Должен признаться, на меня его профессионально сделанные книги навевают смертельную скуку; более того, меня от них просто корежит. Пожалуй, я предпочел бы разглядывать синих бабочек, которых он наблюдал в Скалистых горах. Фразы его безупречны, структура произведений совершенна, но на горизонте — нигде ничего, чем этот автор, страдающий глубоким презрением к человеку, удивил бы по крайней мере самого себя. Нигде ни проблеска любви к ближнему. Честное слово, мне до него никакого дела, но все-таки боль мне доставляют не книги его, а сам он, когда, изображая самодовольство, он обескураженно стоит за своими книгами. Как профи, он относится к тем писателям, которые подхватывают и разрабатывают удивительные, потрясающие, отталкивающие или привлекающие к себе открытия, сделанные другими. Если бы, скажем, мне было любопытно узнать что-нибудь о собственной педофилии, я уж точно обратился бы не к его «Лолите», а к книгам тех, кто свободен духом: Рабле, де Сада, Лотреамона. Дешевым приемом было бы сказать, что Набоков накалывает своих героев на бумагу, как другие — бабочек, умерщвленных в спирте. Не покинь он в свое время русскую литературу, он был бы очень одиноким, всеми брошенным.
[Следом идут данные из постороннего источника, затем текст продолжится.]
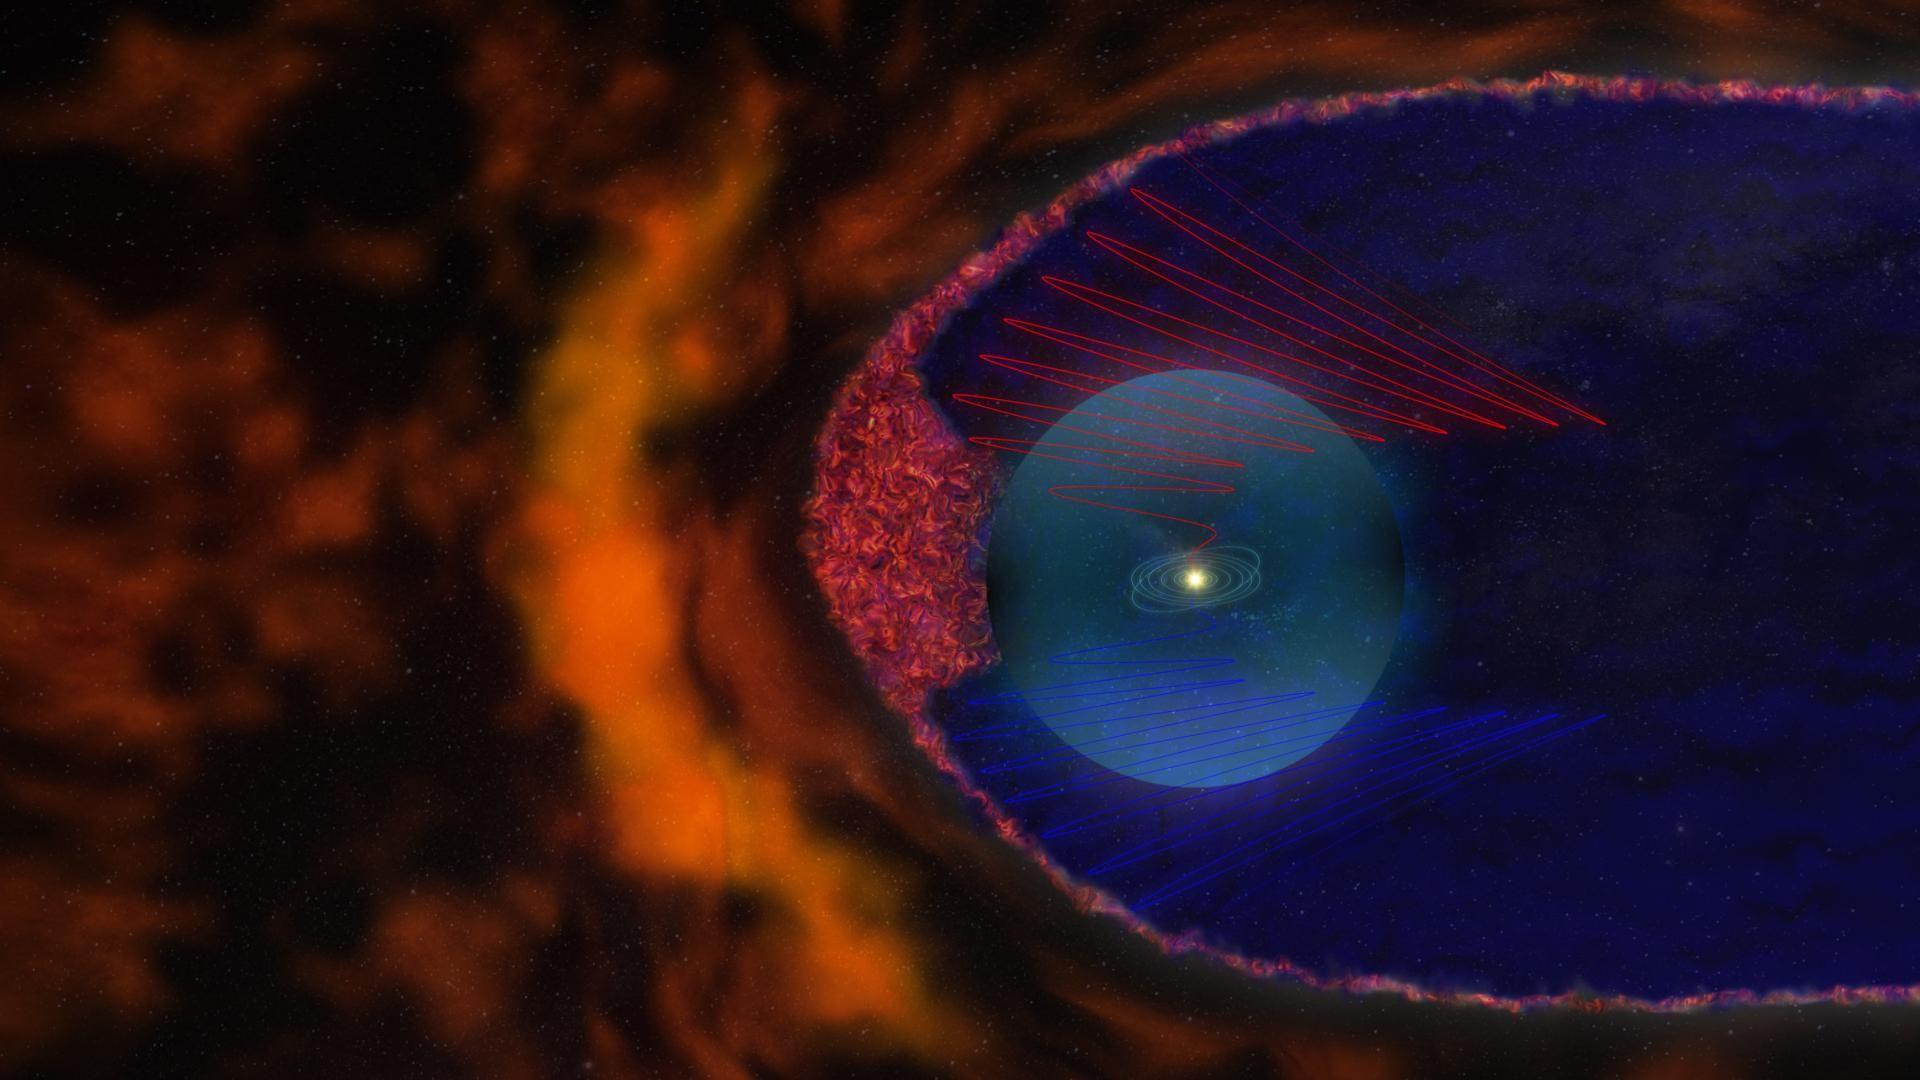 ボイジャー2号が太陽圏離脱 有終の美を飾る5つの成果

В нем эпоха встречается с собственными кокетливыми культами и с собственной абсолютной духовной пустотой. И это, по всей видимости, вполне удовлетворяет эмоциональные и интеллектуальные потребности двух наших континентов. Стерилизованный, дезодорированный, дезинфицированный, обработанный всеми антисептиками человек может приветствовать в нем достойное воплощение самого себя.
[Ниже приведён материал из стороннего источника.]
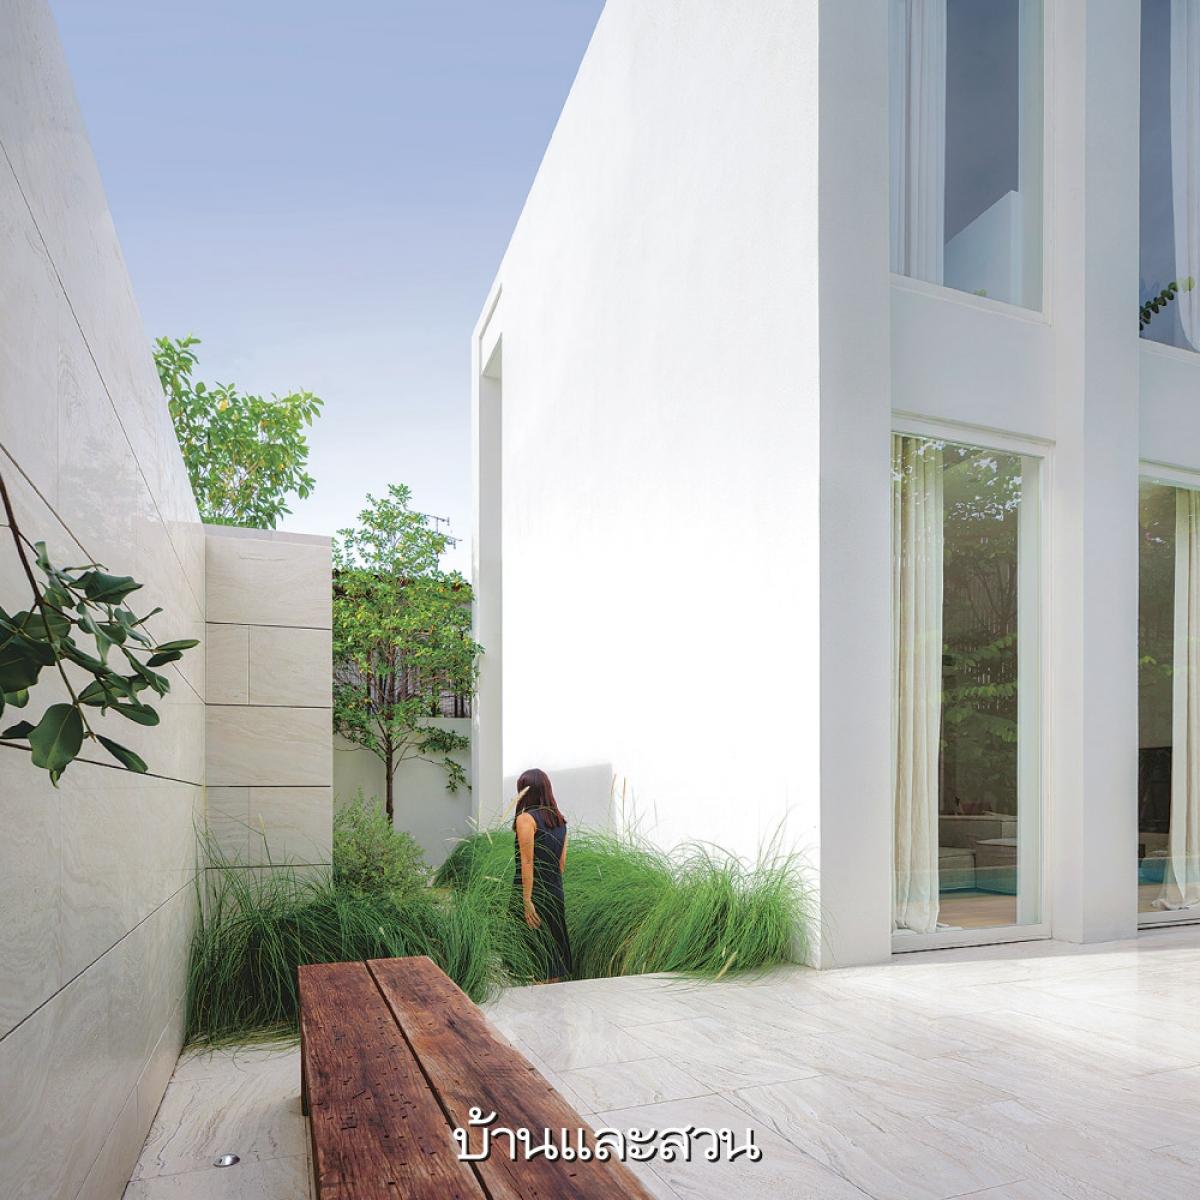 Xung quanh khuôn viên được trồng khá nhiều cây và cỏ chùm để tạo nên một không gian trong lành, mát mẻ.

Наш старый добрый Солженицын
(Перевод О. Балла)
Читавший лишь написанные им в последние полтора десятилетия эссе, заявления, памфлеты, речи, доступные в газетах и журналах, наверняка и не подозревает, каким писателем был прежний
По всей вероятности, его доброта, готовность к участию, сердечное тепло — исчерпаны. Не то чтобы это совершенно непонятно, — все-таки страдание в значительной степени уничтожает эти качества, и однажды оказывается, что их действительно не осталось.
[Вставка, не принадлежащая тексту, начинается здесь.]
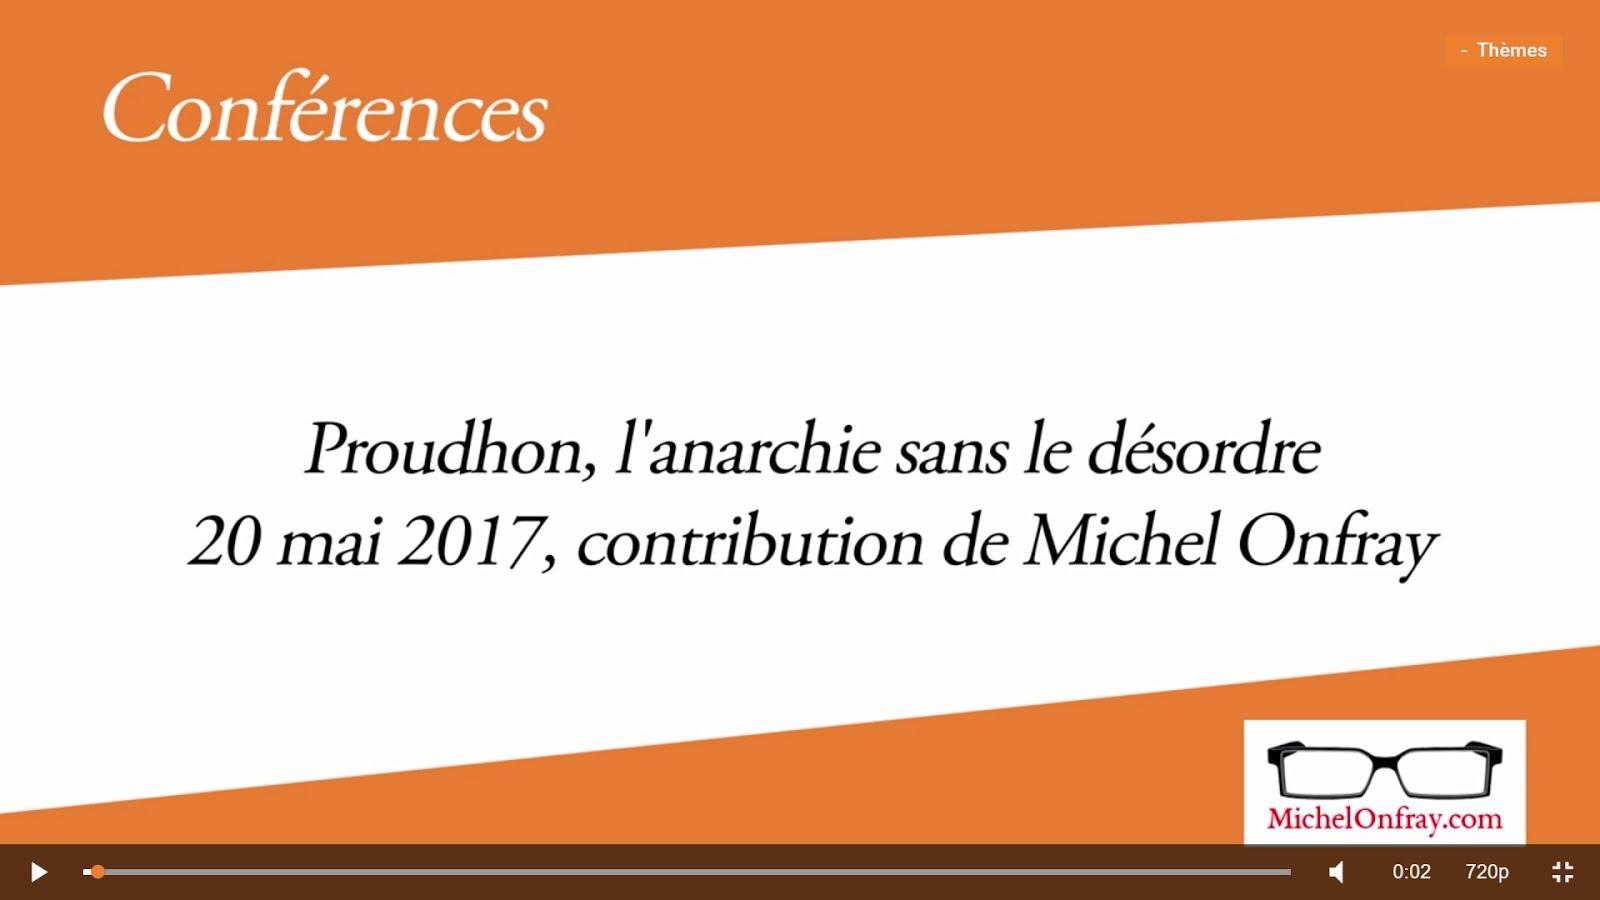 MICHEL ONFRAY PARLE DU LIVRE P-J PROUDHON

Нового Солженицына вряд ли возможно назвать чувствительным или умным человеком. Он и мыслей своих не может толком систематизировать, скорее, жалуется, вопиет, обличает, сетует, неистовствует, суетится. Складывается впечатление, что ему не удается обуздать свои страсти разумом. Однако масштаба он, конечно, не утратил и теперь. Возможно, это последнее, что утрачивает человек. Но он пуст, пуст. Он занимается уже не людьми, не личными качествами или индивидуальными особенностями, которыми ему следовало бы заниматься по законам его призвания, а заботами и бедами страны размером с континент. И даже сейчас, после стольких лет своей вынужденной политической карьеры, он ведет себя так, как если бы эта гигантская страна была личностью со своими качествами, к которым было бы возможно взывать. Он стыдит ее, порицает, поучает, взывает к ее душе, иной раз теряет терпение, срывается, поносит ее или напрямую дает ей инструкции. Знаменитый писатель обращается к своей стране и не хочет отдавать себе отчет в том, что это не страна ему не отвечает, а он говорит сам с собой. Солженицын двадцать лет подряд старается втереться в большую политику, притом что он лет тридцать как уже там. Но не то чтобы он был нечувствителен к политике, скорее, как можно предположить, он и политических авторов не особенно читал. Он как будто живет в том, довольно забавном, убеждении, что нет и не может быть такого предмета, о котором он, не имея об этом предмете представления, не мог бы высказывать свое мнение. Словам его недостает не только доброты, участия и сердечного тепла, — он как будто утратил вместе с ними и свое великолепное чувство реальности, более того — остатки памяти о своей реалистиче-ской выучке.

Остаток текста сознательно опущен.